_Exercise instructions:_
Look in the data below for the line that has "Coloring page playful", then print exactly every line from there through the line that has "Soft Cotton Pram/Moses", leaving pictures out.

_Given information:_
=== Begin Enclosure ===

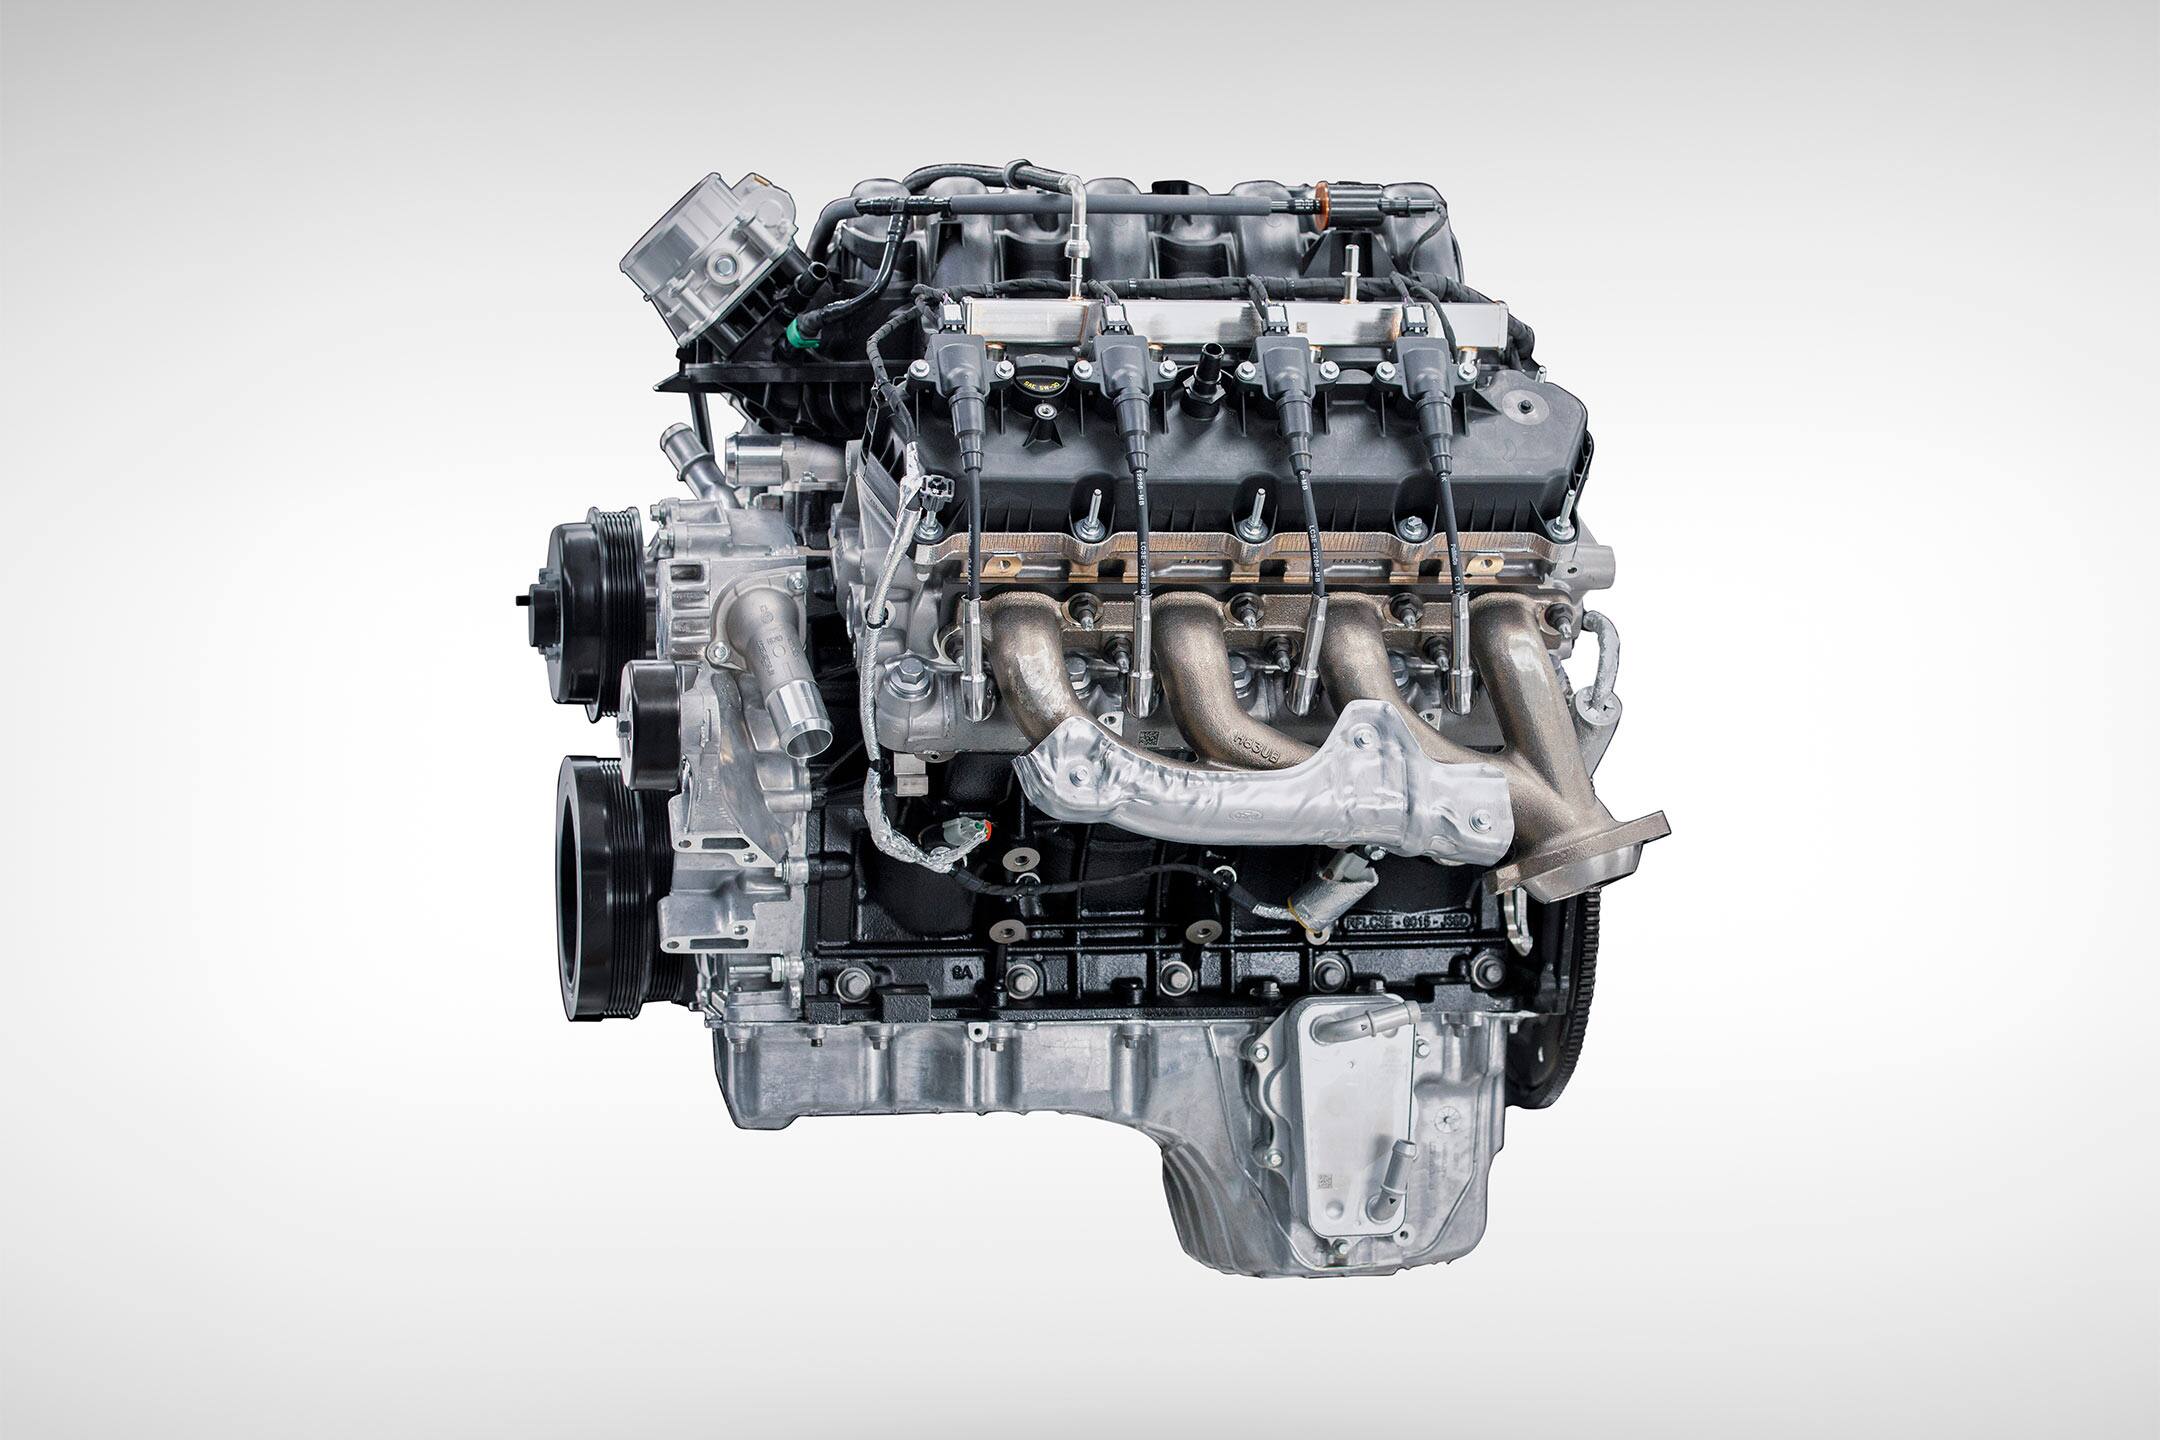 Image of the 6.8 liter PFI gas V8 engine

=== End Enclosure ===
=== Begin Enclosure ===

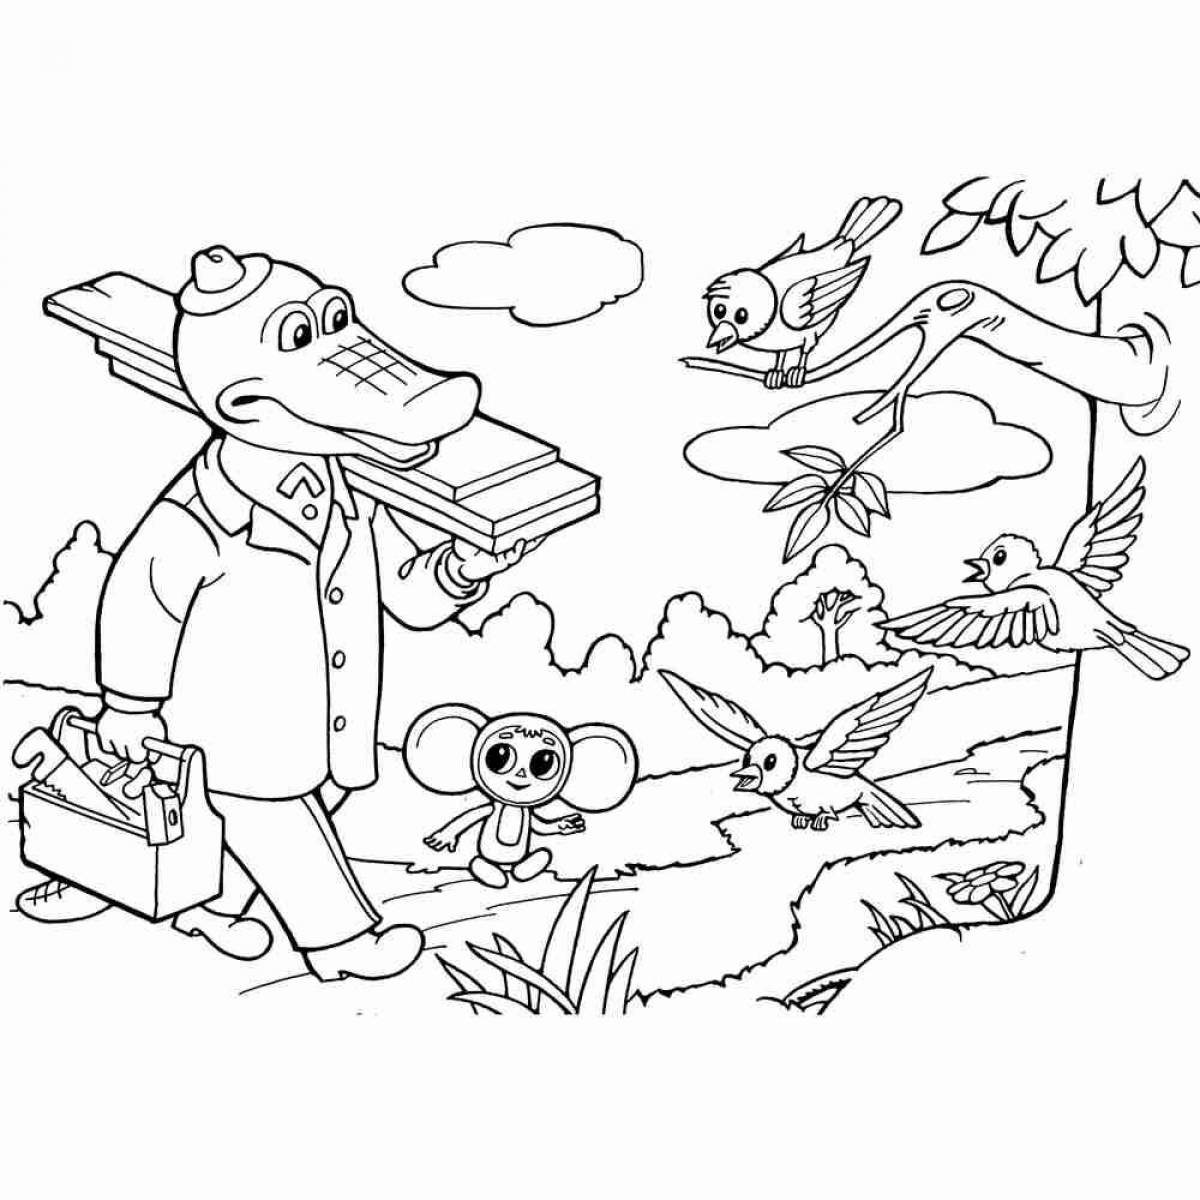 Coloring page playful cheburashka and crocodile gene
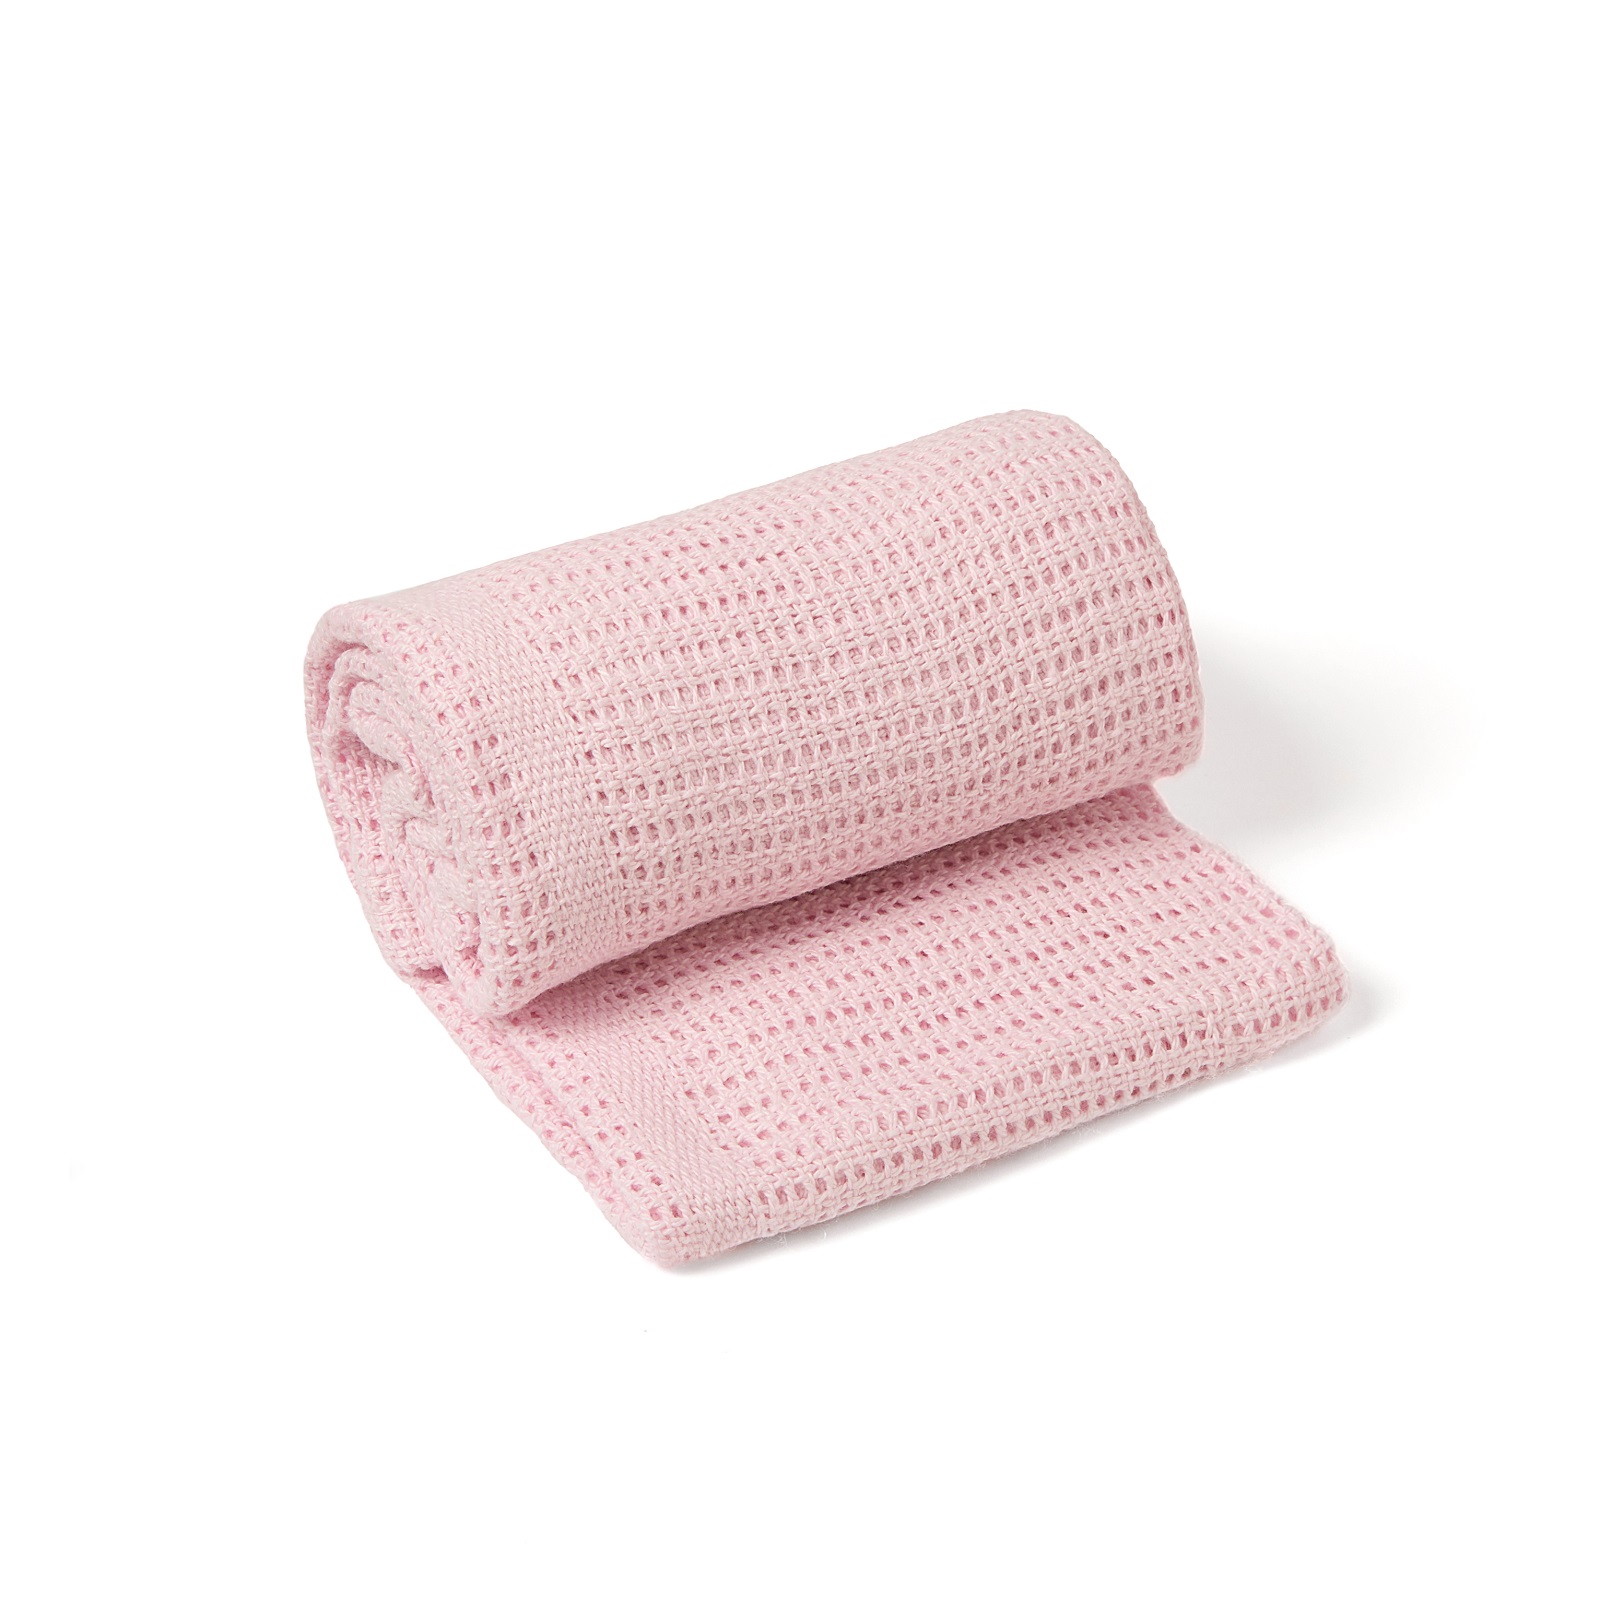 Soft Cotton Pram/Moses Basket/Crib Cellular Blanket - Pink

=== End Enclosure ===
=== Begin Enclosure ===

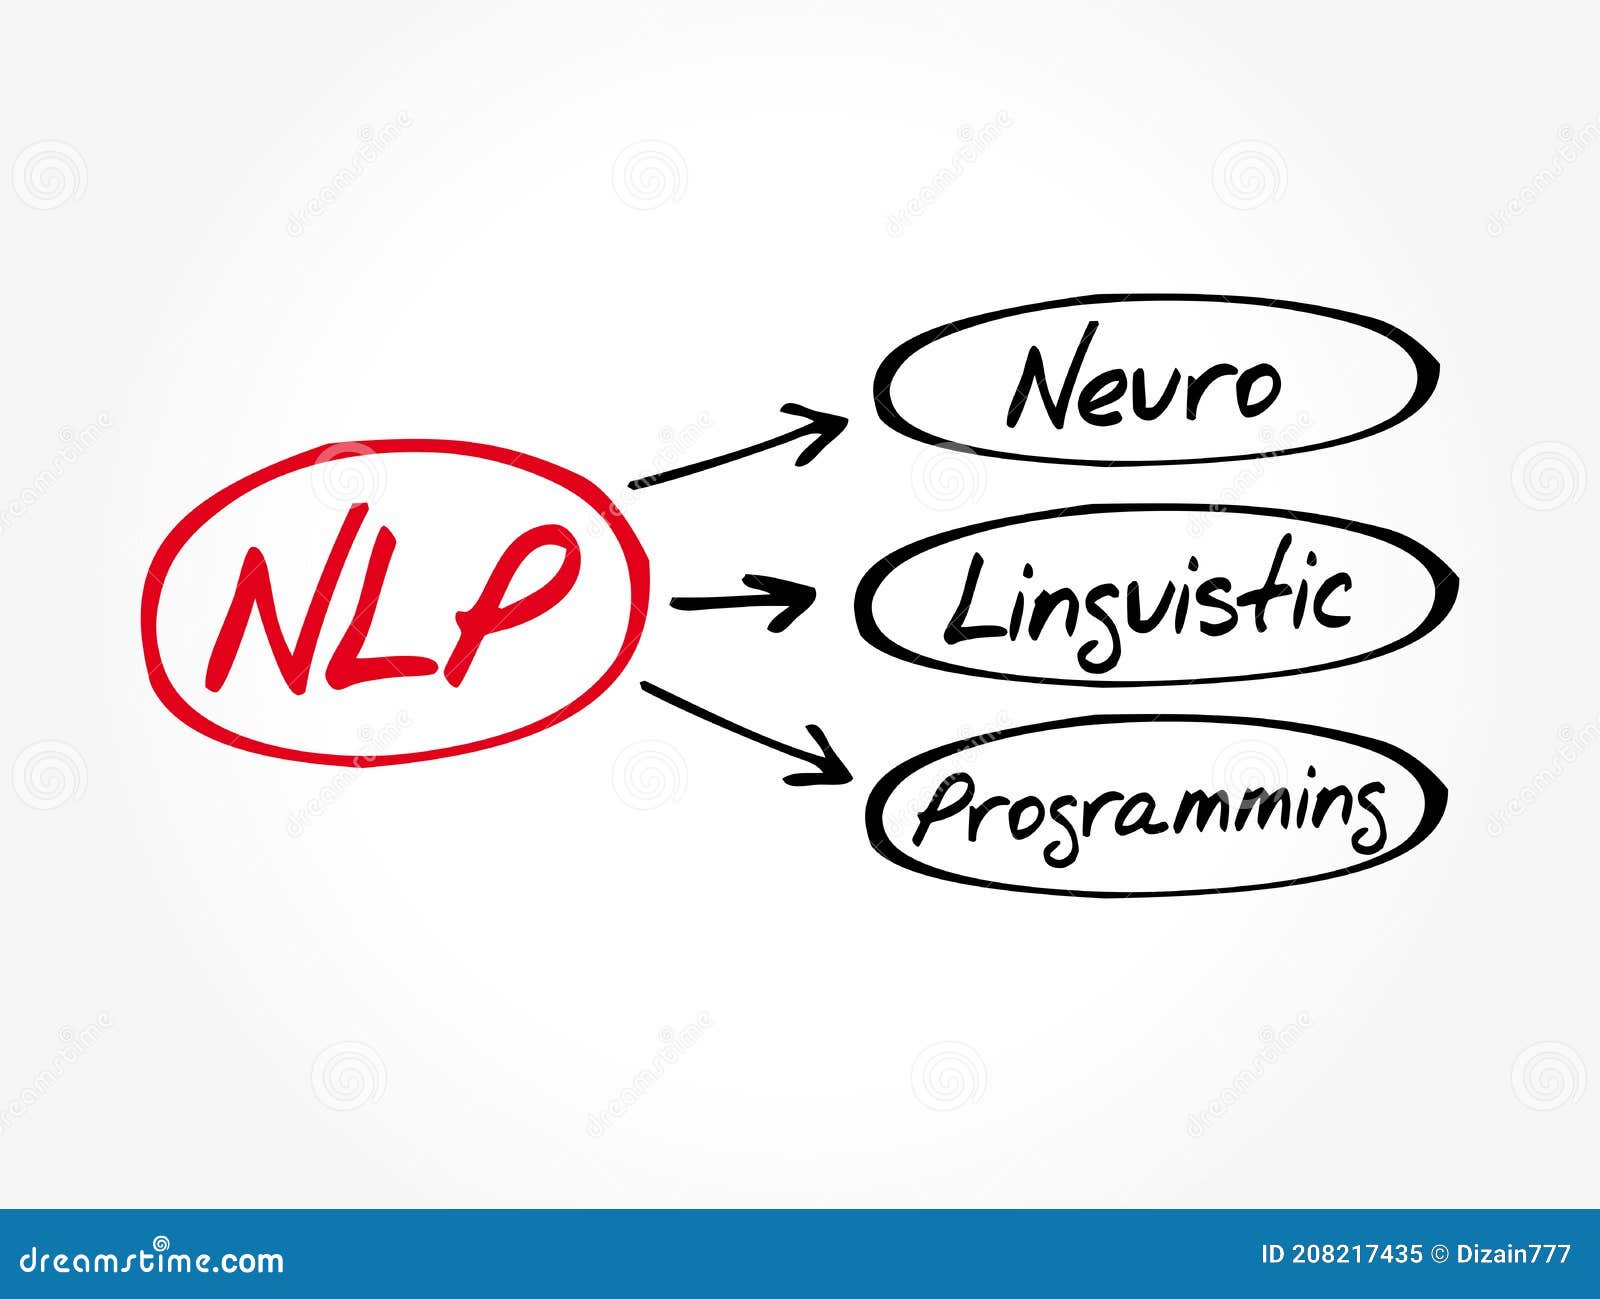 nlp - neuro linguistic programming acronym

=== End Enclosure ===

_Reply:_
 Coloring page playful cheburashka and crocodile gene
 Soft Cotton Pram/Moses Basket/Crib Cellular Blanket - Pink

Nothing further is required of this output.